Everything in the listing below must be reproduced exactly, apart from its images.

▶ [Supplied material]:
<<<<

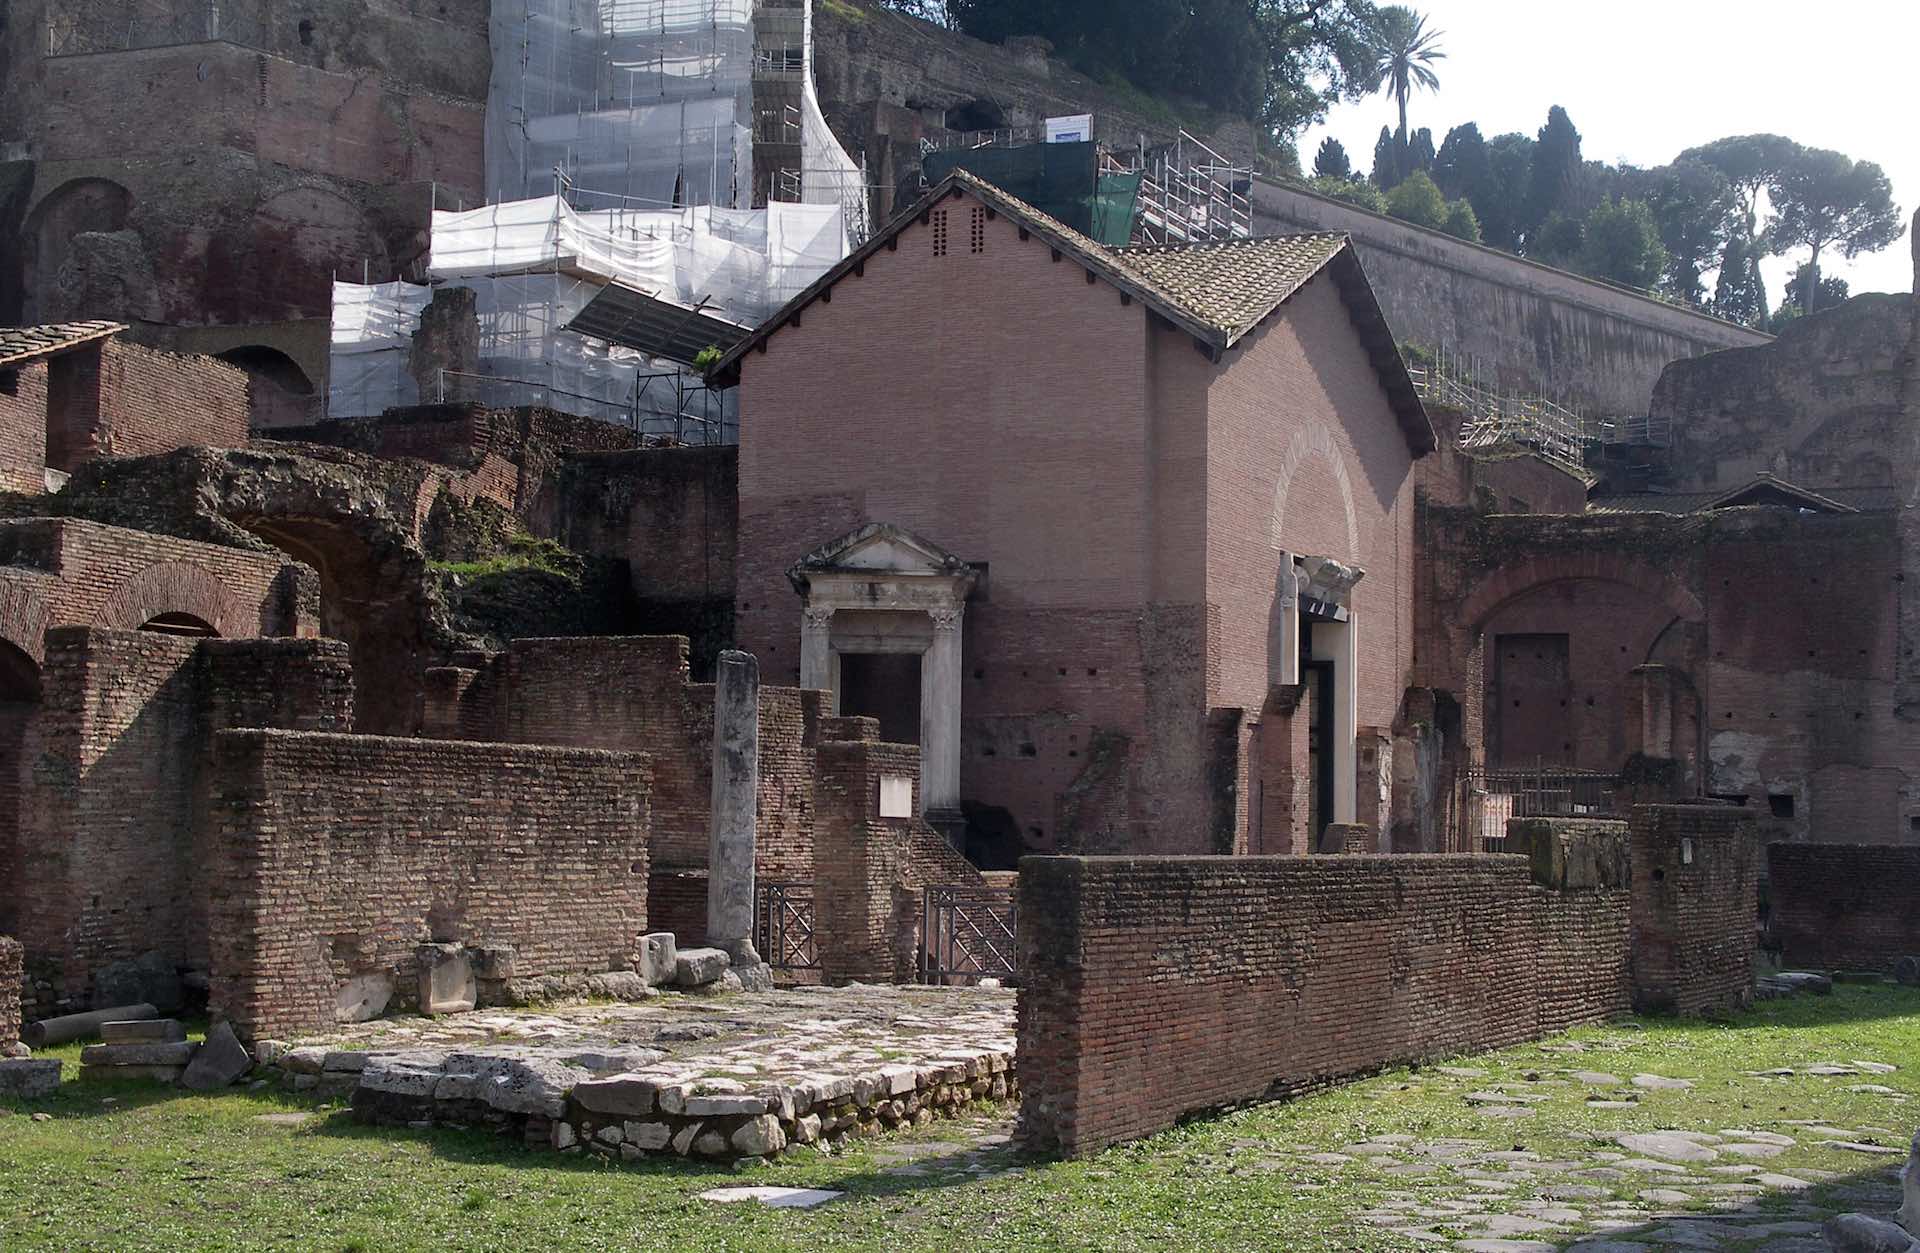 The restoration of the Santa Maria Antiqua
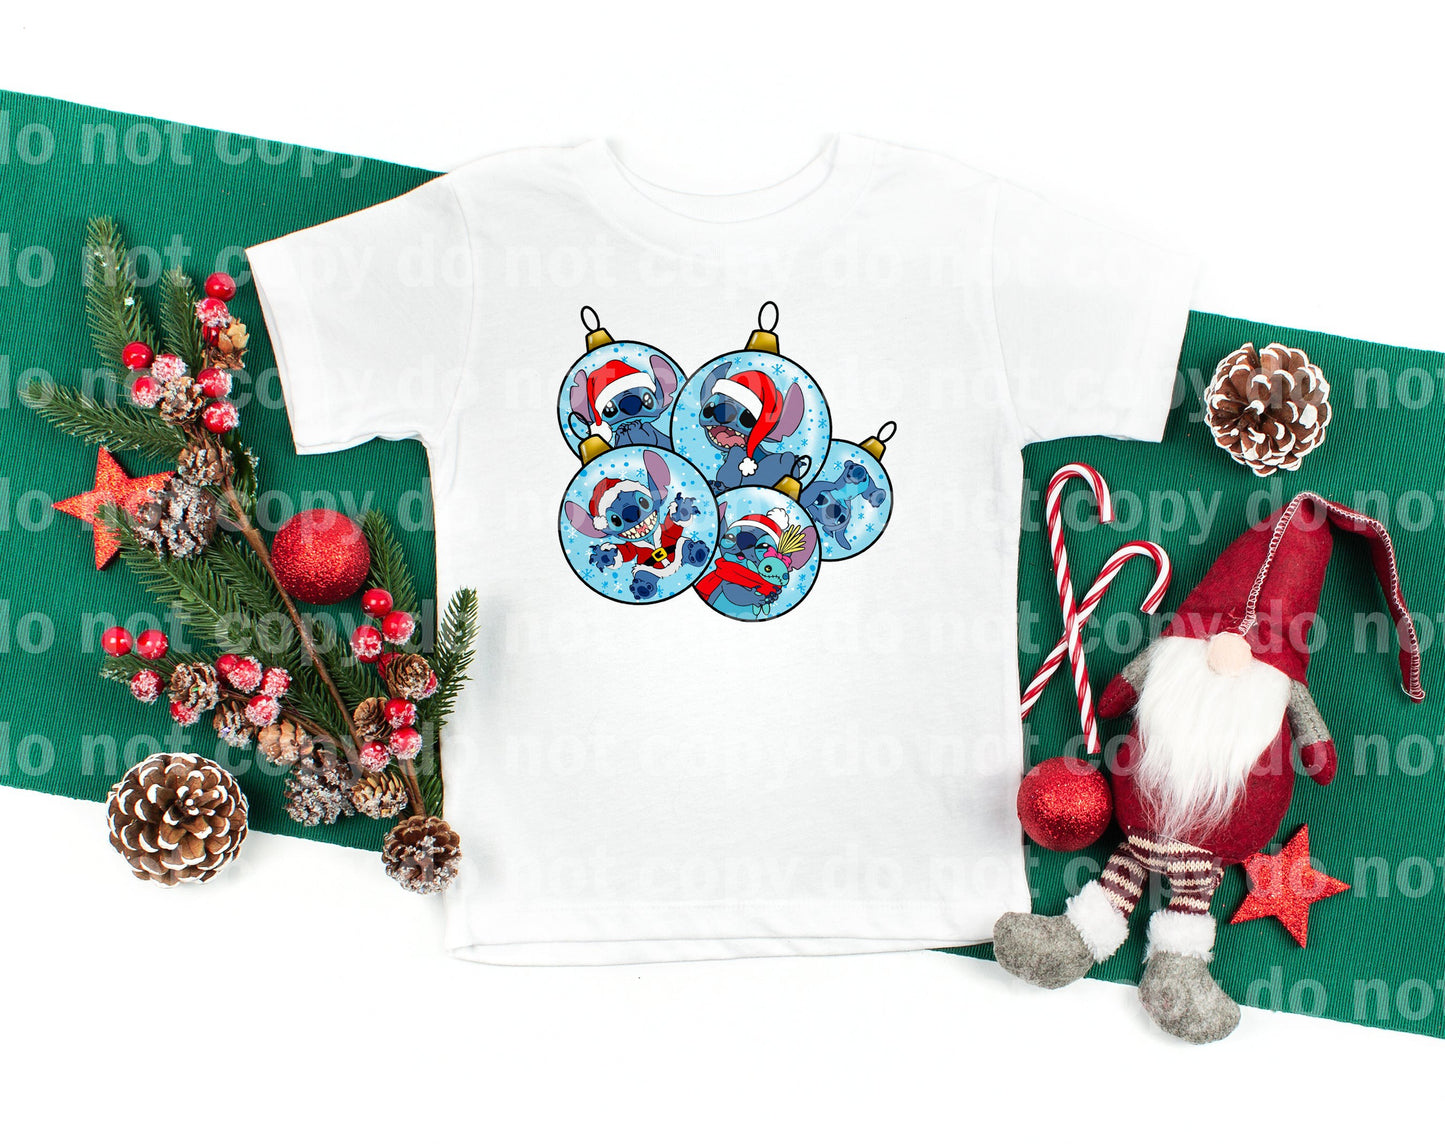 Blue Alien Christmas Ornament Balls with Optional Sleeve Design Dream Print or Sublimation Print
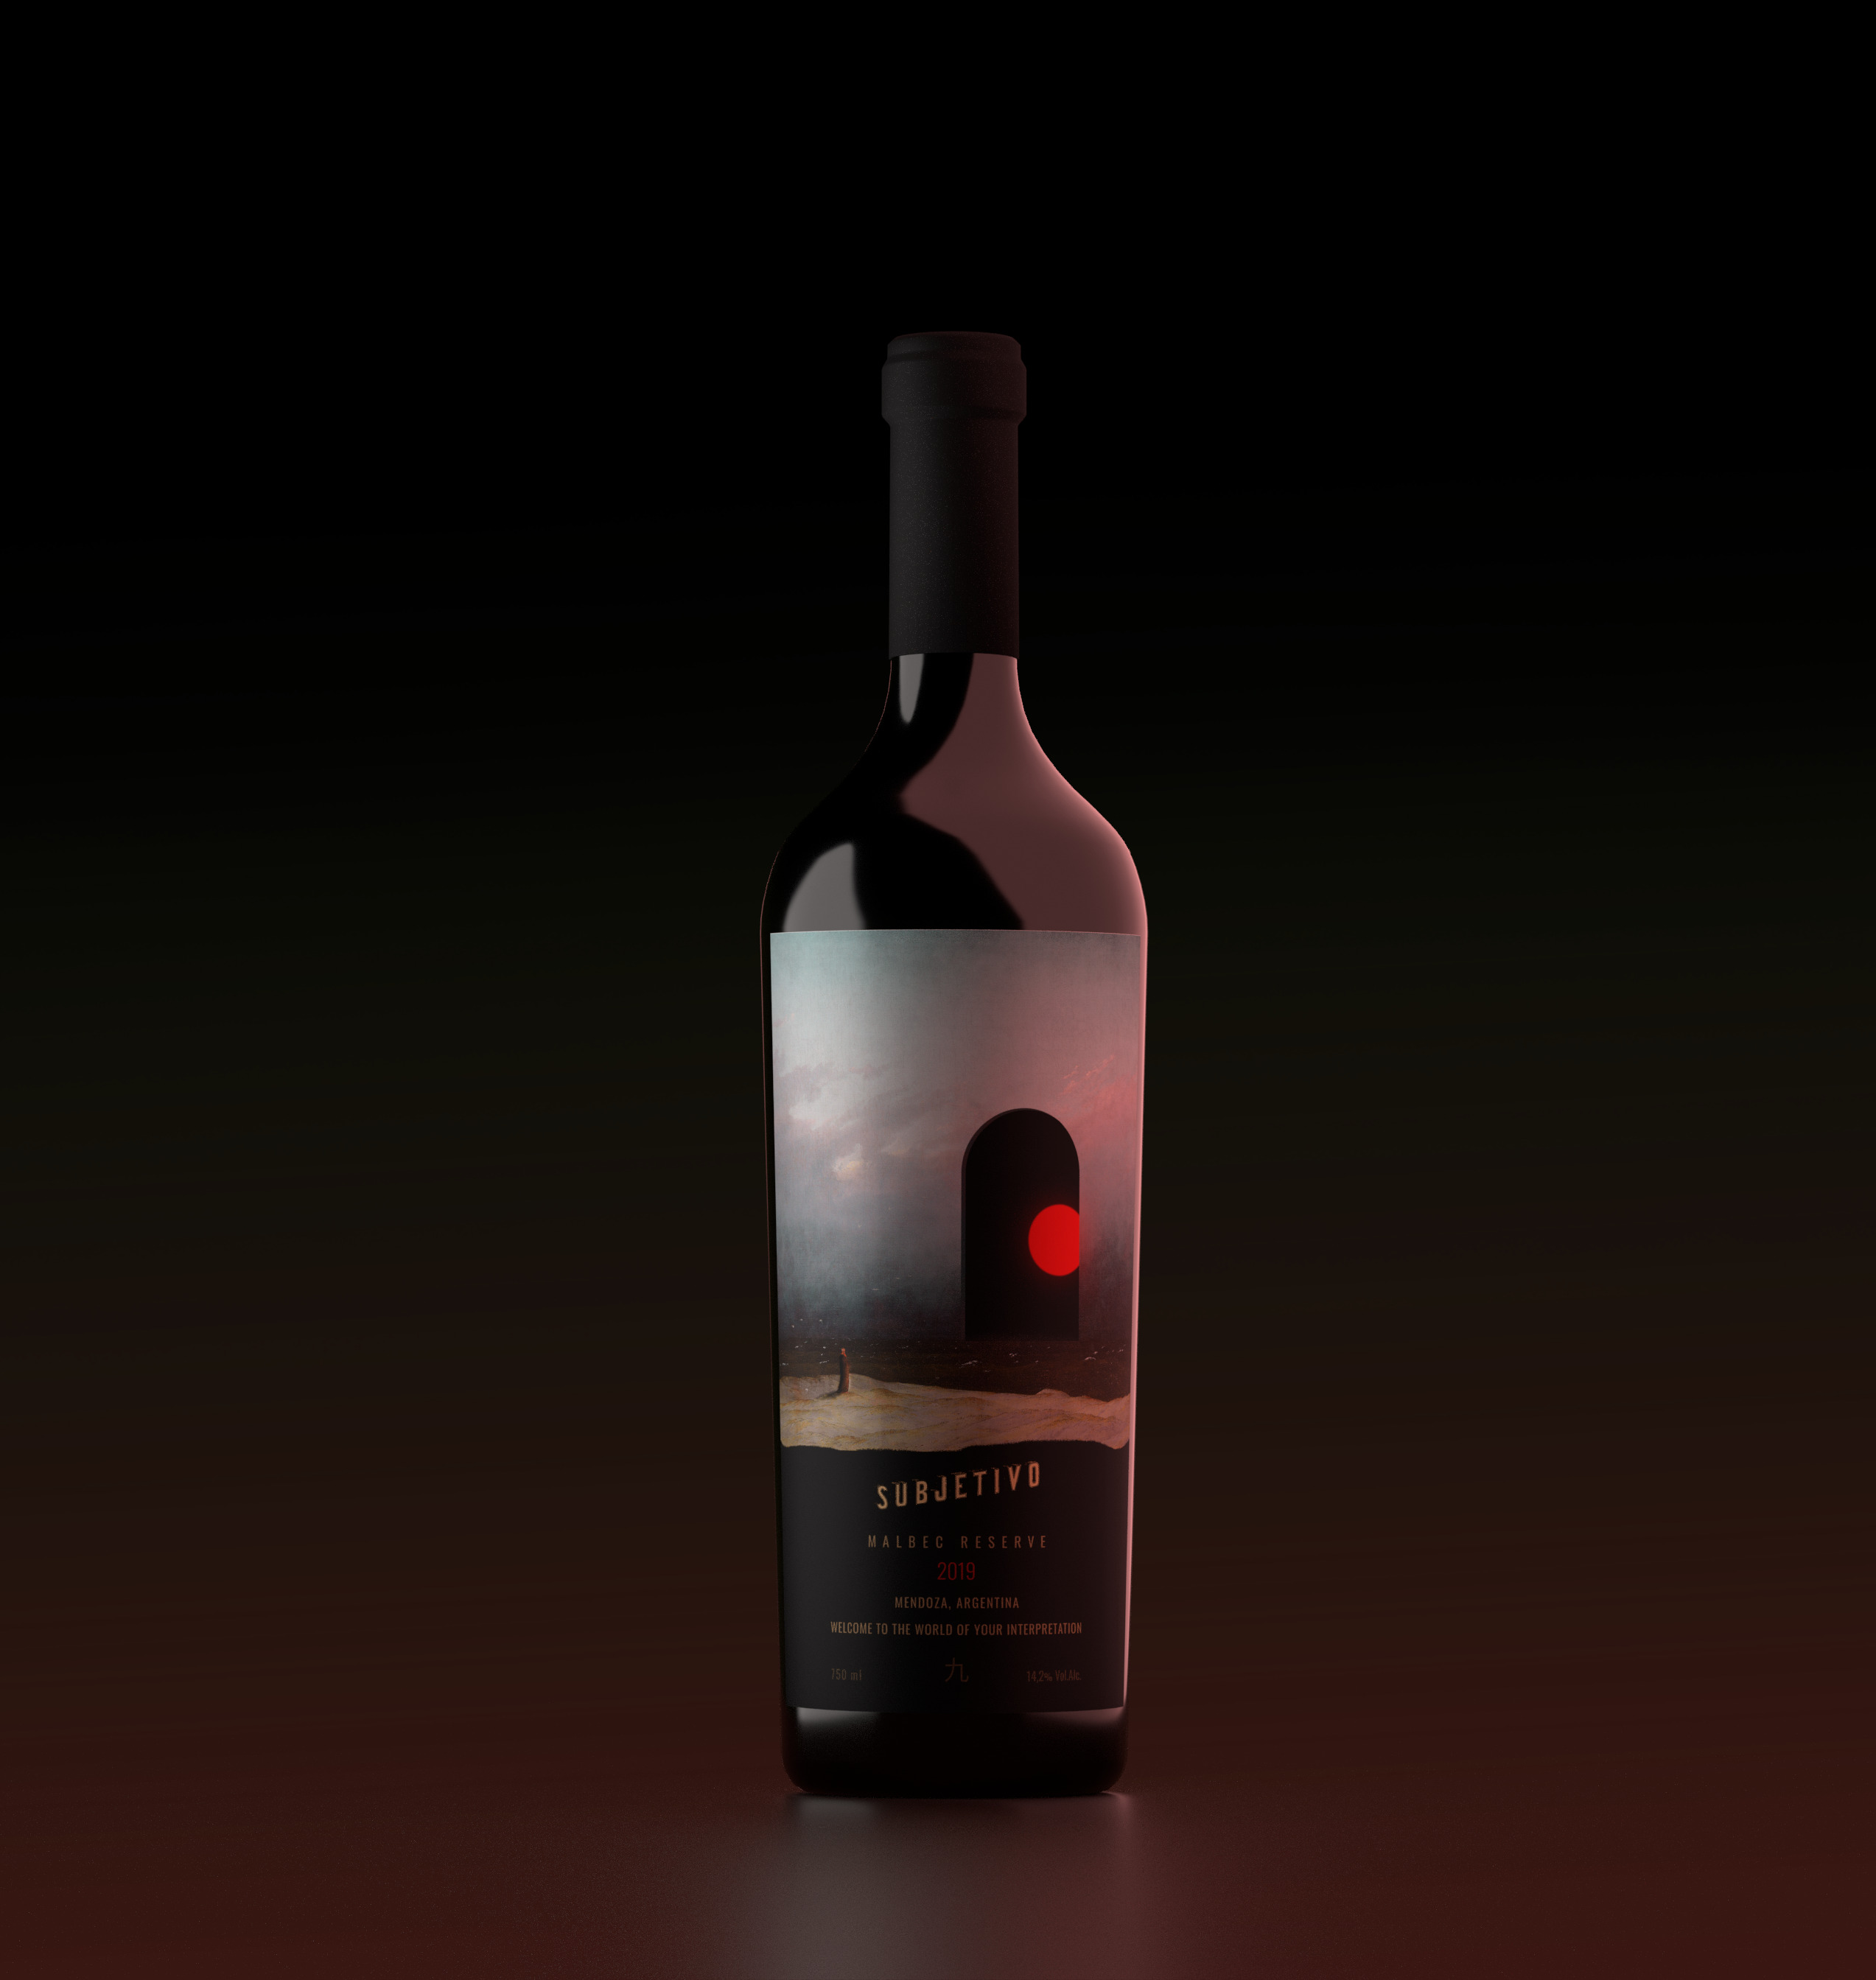 Subjetivo Wine Range Created by Portal.

>>>>

▶ [Answer to this problem]:
 The restoration of the Santa Maria Antiqua
 Blue Alien Christmas Ornament Balls with Optional Sleeve Design Dream Print or Sublimation Print
 Subjetivo Wine Range Created by Portal.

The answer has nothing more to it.